Hyperestrogenism, hyperestrogenic state, or estrogen excess, is a medical condition characterized by an excessive amount of estrogenic activity in the body.[1]

Signs and symptoms

Signs of hyperestrogenism may include heightened levels of one or more of the estrogen sex hormones (usually estradiol and/or estrone), lowered levels of follicle-stimulating hormone and/or luteinizing hormone (due to suppression of the hypothalamic–pituitary–gonadal axis by estrogen), and lowered levels of androgens such as testosterone (generally only relevant to males).[1] Symptoms of the condition in women may consist of menstrual irregularities, amenorrhea, abnormal vaginal bleeding, and enlargement of the uterus and breasts.[1][2] It may also present as isosexual precocity in children[1][2] and as hypogonadism, gynecomastia, feminization, impotence, and loss of libido in males.[3] If left untreated, hyperestrogenism may increase the risk of estrogen-sensitive cancers such as breast cancer later in life.

Causes

Hyperestrogenism can be caused by ovarian tumors,[2] genetic conditions such as aromatase excess syndrome (also known as familial hyperestrogenism), or overconsumption of exogenous sources of estrogen, including medications used in hormone replacement therapy and hormonal contraception.[3] Liver cirrhosis is another cause, though through lowered metabolism of estrogen, not oversecretion or overconsumption like the aforementioned.

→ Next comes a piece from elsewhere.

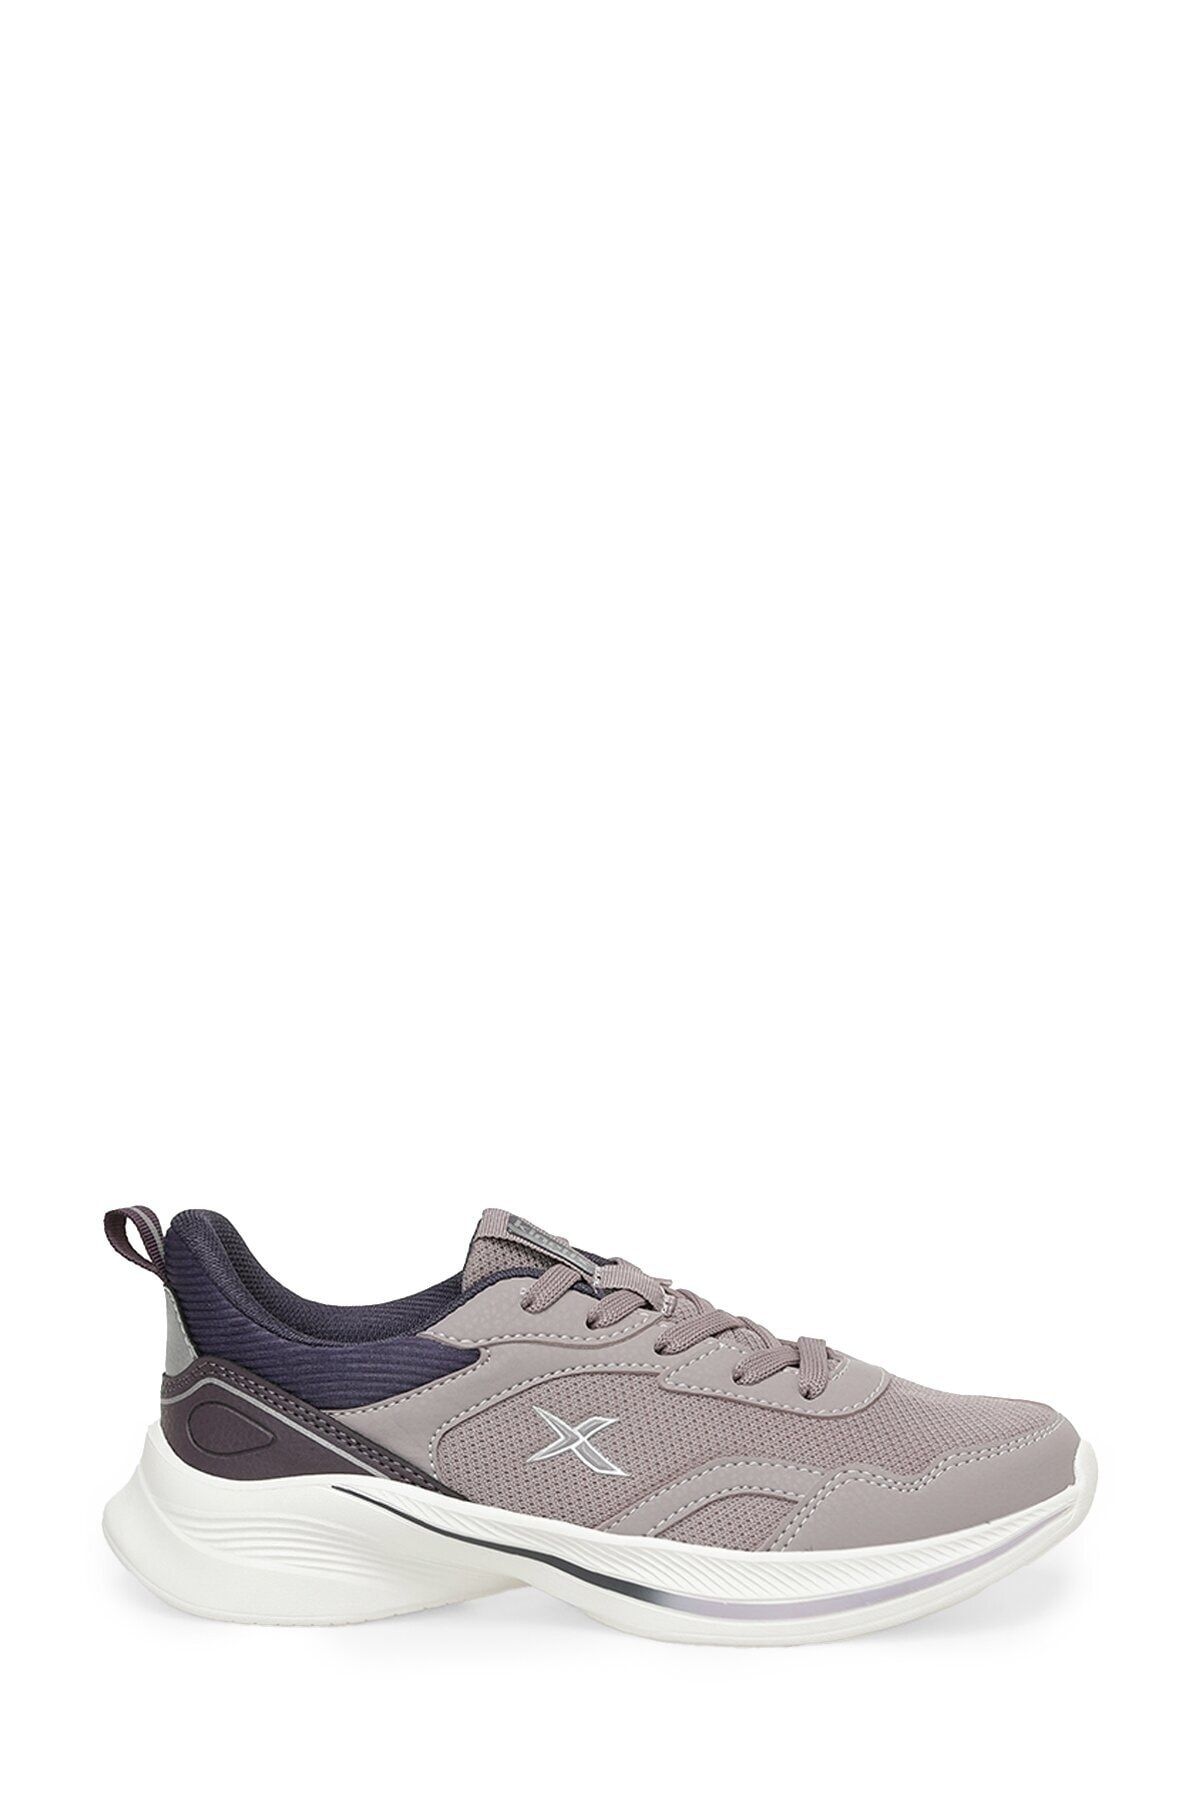 Kinetix Rıeda Tx W 3fx Pembe Kadın Koşu Ayakkabısı

It's necessary to know that exists two kind of hyperestrogenism: Absolute (more concentration than usual of estrogen) and relative (we can have a normal concentration of estrogen, but it's higher with respect to progesterone). An example of absolute hyperestrogenism could be: persistent follicles that later undergo atresia without ovulating; and the example of relative hyperestrogenism: luteal insufficiency.

Diagnosis

Treatments

Treatment may consist of surgery in the case of tumors,[1] lower doses of estrogen in the case of exogenously-mediated estrogen excess, and estrogen-suppressing medications like gonadotropin-releasing hormone analogues and progestogens. In addition, androgens may be supplemented in the case of males.

References

Norman Lavin (1 April 2009). Manual of Endocrinology and Metabolism. Lippincott Williams & Wilkins. p. 274. ISBN 978-0-7817-6886-3. Retrieved 5 June 2012.
Ricardo V. Lloyd (14 January 2010). Endocrine Pathology:: Differential Diagnosis and Molecular Advances. Springer. p. 316. ISBN 978-1-4419-1068-4. Retrieved 5 June 2012.
Lewis R. Goldfrank; Neal Flomenbaum (24 March 2006). Goldfrank's Toxicologic Emergencies. McGraw-Hill Professional. p. 443. ISBN 978-0-07-147914-1. Retrieved 5 June 2012.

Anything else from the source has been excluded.